7 Video Games in Greece


This one sort of happened by accident. In Greece’s efforts to wipe out gambling machines (and as a result, cut down on gambling), Greece passed a law outlawing video games—meaning that you could get arrested for something as harmless as playing Pac-Man—so leave the handhelds at home. In 2000, China also passed a ban on gaming consoles, as the Chinese government thought that it encouraged laziness in the younger generations. However, apparently the XBOX One was so awesome that the ban was nixed by January of 2014.

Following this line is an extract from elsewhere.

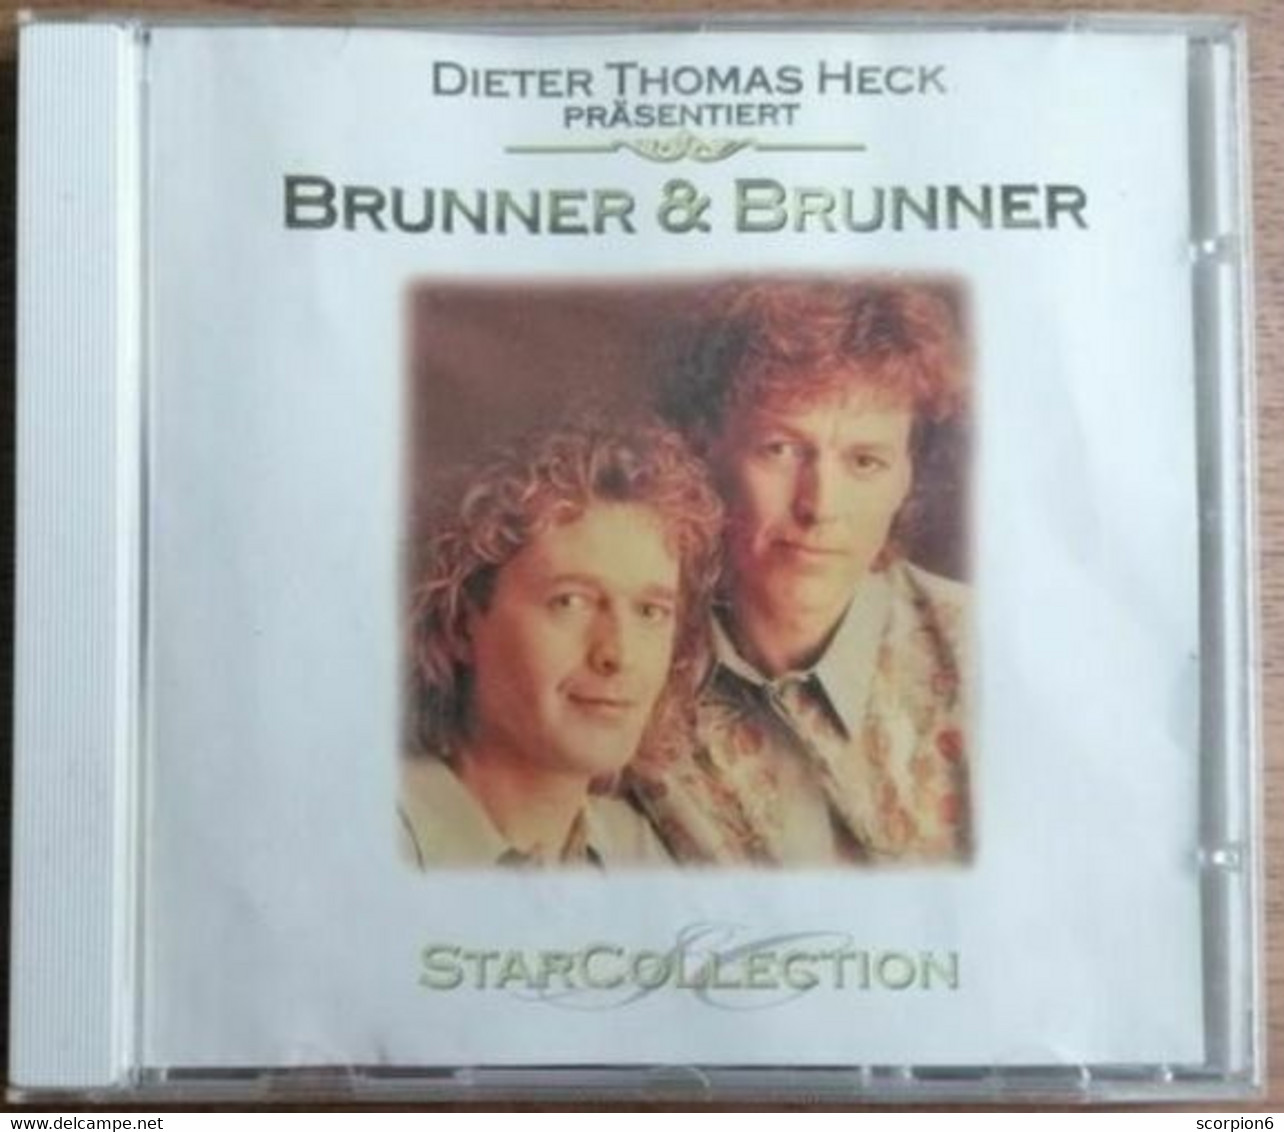 CD - Brunner & Brunner - Star Collection - Other - German Music

6 Valentine’s Day in Saudi Arabia


You often hear people say " Valentine's Day is just a Hallmark holiday designed to make us spend money." Well Saudi Arabia went as far as prohibiting the sale of anything heart-shaped or red on Valentine's Day. People are prohibited from even wearing red on that day. The reason? To discourage people from dating outside of marriage.

5 Jogging


In 2014, group jogging was banned in Burundi, jogging alone is okay though. The President Pierre Nkurunziza felt as though group jogs could be a cover for subversive activities. Breaking this law is no joking matter, it can result in life imprisonment, if caught jogging in a group.

4 Scrabble in Romania


Country weekends would never be the same without the beloved game of Scrabble, which is why this next ban sounds completely crazy to us—even if we aren’t lining up to play Scrabble five nights a week (but it’s one of those games that’s comforting to think about, you know?) The reason for Romania’s ban? 1980 president Nicolae Ceausescu thought that the game represented a “subversive evil” due to being “overly intellectual.” We wonder if they banned crosswords too?

3 Bubble Gum in Singapore


We can’t really say that we disagree with this one, especially when you consider the amount of chewing gum you can find stuck to pretty much every hidden surface. Which is crazy, because it’s totally disgusting to just stick your gum on public property—using a garbage can isn’t that difficult, people. Singapore had the right idea—in 1992 they banned both the sale and importing of chewing gum in the city, for the sake of cleaner surface areas.

2 Ketchup in France


While you might be able to freely dollop ketchup across your meal in pretty much any diner across North America, France has a different idea about the tomato goo. In 2011, France went as far as to ban America’s beloved condiment from school cafeterias. The reason? The French thought the ban was necessary to conserve French cuisine.

1 Doorknobs in Vancouver


In an attempt to make buildings more accessible to the elderly, Vancouver made the decision in 2013 to ban traditional doorknobs, opting instead for lever-type handles within all new constructions. This ban also came with orders to make doorways wider. It also specified that new faucet handles come with levers—which makes sense, considering what a pain those round knobs can be. On the downside, those levers make it easy for bears to open unlocked doors. But we suppose that’s only a concern in rural areas.